John Louis Beatty (January 24, 1922 – March 23, 1975) and Patricia Beatty (August 26, 1922 – July 9, 1991) were married American writers, an academic historian and a children's librarian. They wrote several books together until John Beatty's death in 1975, after which Patricia continued to write until her death in 1991. All Beatty titles have been returned to e-print through Beebliome Books.

==John Beatty==
John Louis Beatty was born on January 24, 1922, in Portland, Oregon, and later became a history professor. He wrote ten books with his wife Patricia and helped edit a two-volume historical text entitled Heritage of Western Civilization. Beatty served as an assistant professor of history and humanities at the University of California, Riverside, and died on March 23, 1975, in Riverside, California.

==Patricia Beatty==
Patricia Beatty was born August 26, 1922, in Portland, Oregon. She spent part of her life in the Pacific Northwest and occasionally resided on Indian reservations. Beatty graduated from Reed College in Portland and has worked as a children's librarian and a high school teacher. She has written fifty books, ten of which were with her first husband John Beatty. She remarried in 1975 to Carl Uhr, an economics professor at the University of California. She died on July 9, 1991.

==Awards and accolades==

===For Patricia Beatty===
- 1972 Jane Addams Children's Book Award, nomination for Lupita Manana
- 1974 California Council Medal from the Southern California Council on Literature for Children and Young People, won
- 1976 California Council Medal from the Southern California Council on Literature for Children and Young People, won
- 1983 Literature Medal from the Southern California Council on Literature for Children and Young People for Jonathan down Under, won
- 1984 Western Writers of America Award, won
- 1987 Western Writers of America Award, won
- 1988 Scott O'Dell Award for Historical Fiction for Charley Skedaddle, won

===For both Beattys===
- 1963 New York Times One Hundred Outstanding Books for Young People for At the Seven Stars
- 1965 Commonwealth Club of California Medal for best juvenile by a California author for Campion Towers
- 1966 Horn Book honor list for A Donkey for the King
- 1967 Southern California Council on Children's and Young People's Literature Medal for The Young Dirk

==Bibliography==

===By both Beattys===
- At the Seven Stars (1963)
- Squaw Dog (1965)
- Campion Towers (1965)
- A Donkey for the King (1966)
- The Royal Dirk (1966)
- The Queen's Wizard (1967)
- Witch Dog (1968)
- Pirate Royal (1969)
- Holdfast (1972)
- Master Rosalind (1974)
- Who Comes to King's Mountain? (1975)

===John Beatty alone===
- Warwick and Holland, Being the Lives of Robert and Henry Rich (1965)
- Heritage of Western Civilization Volumes I and II (1982)

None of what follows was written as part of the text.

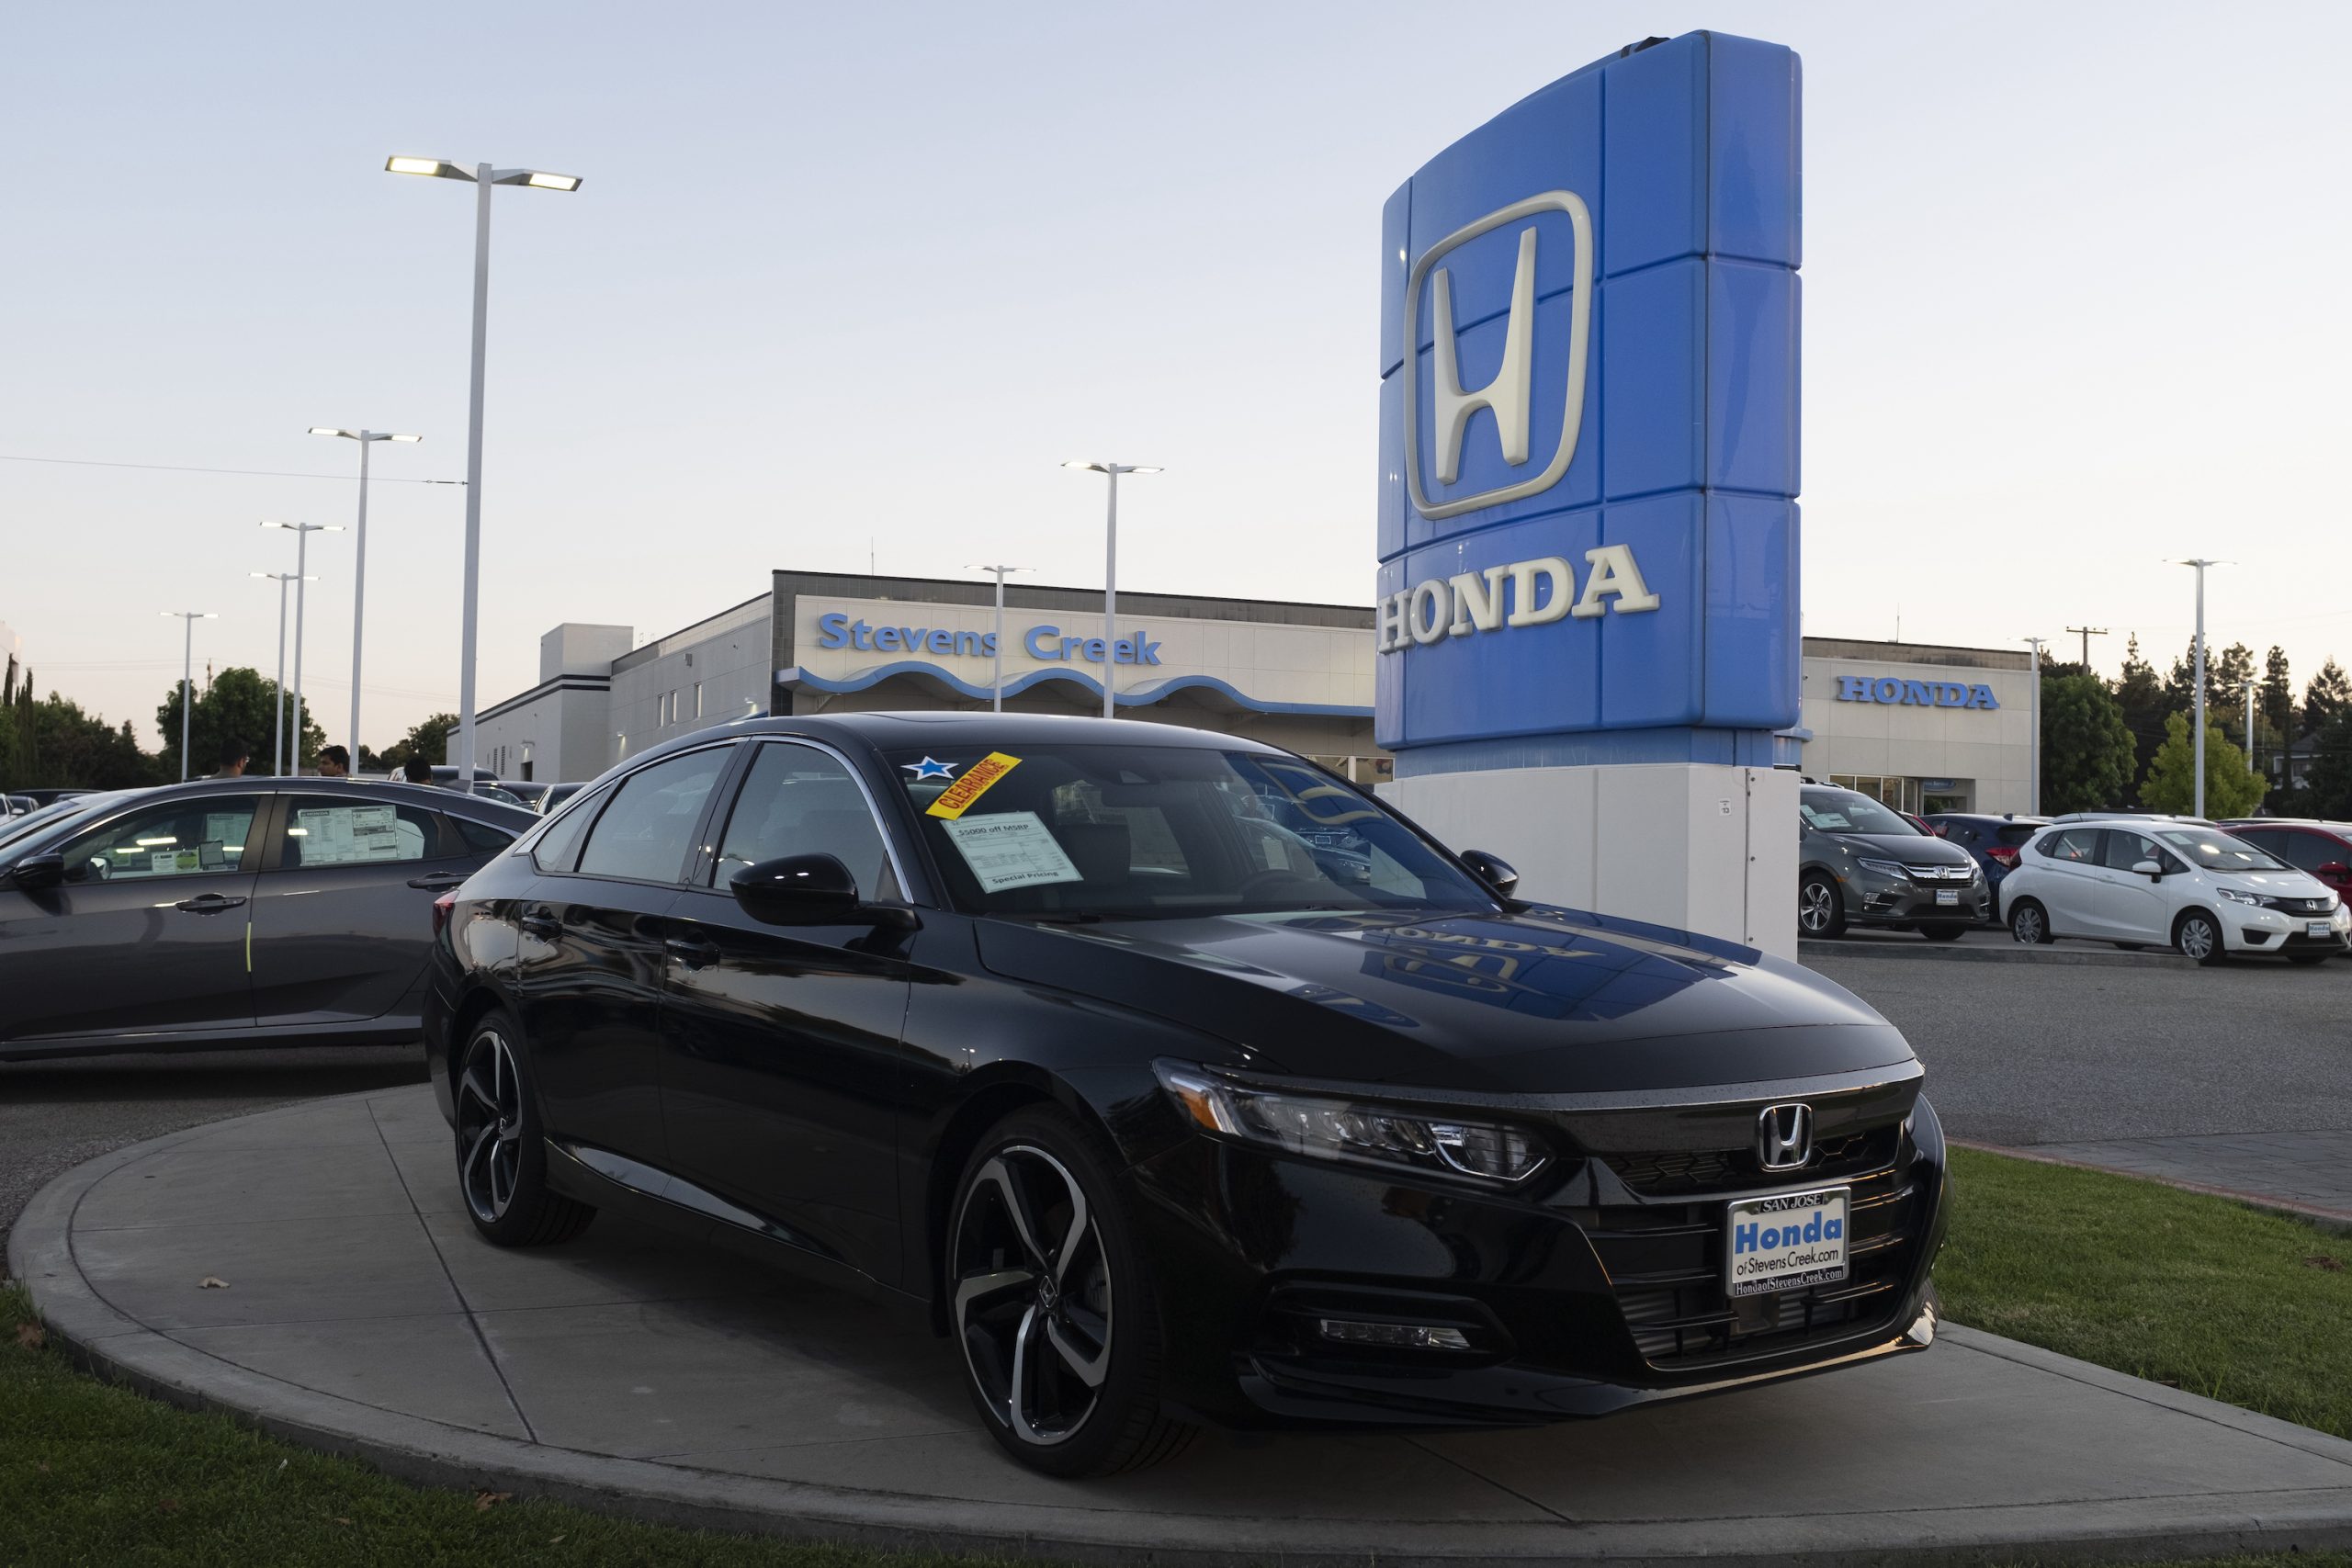 Honda logo and Honda Accord vehicle are seen at a store in San Jose, California on August 27, 2019

===Patricia Beatty alone===
- Bonanza Girl (1962)
- The Nickel-Plated Beauty (1964)
- Eight Mules from Monterey (1966)
- The Queen's Own Grove (1966)
- The Sea Pair (1970)
- Hail, Columbia (1970)
- O the Red Rose Tree (1972)
- Red Rock over the River (1973)
- The Bad Bell of San Salvador (1973)
- How Many Miles to Sundown? (1974)
- Rufus, Red Rufus (1975)

- By Crumbs, It's Mine (1976)
- Something to Shout About (1976)
- Billy Bedamned, Long Gone By (1977)
- I Want My Sunday, Stranger (1977)
- Just Some Weeds from the Wilderness (1978)
- Lacy Makes a Match (1979)
- The Staffordshire Terror (1979)
- That's One Ornery Orphan (1980)
- Lupita Manana (1981)
- Jonathan Down Under (1982)
- Melinda Takes a Hand (1983)
- The Coach That Never Came (1985)
- Behave Yourself Bethany Brant (1986)
- Charley Skedaddle (1987)
- Be Ever Hopeful, Hannalee (1988)
- Eben Tyne, Powder Monkey (1990)
- Wait for Me, Watch for Me, Eula Bee (1978)
- Who Comes with Cannons? (1990)
- Jayhawker (1991)
- Turn Homeward, Hannalee (1991)
- Sarah and Me and the Lady from the Sea (1994)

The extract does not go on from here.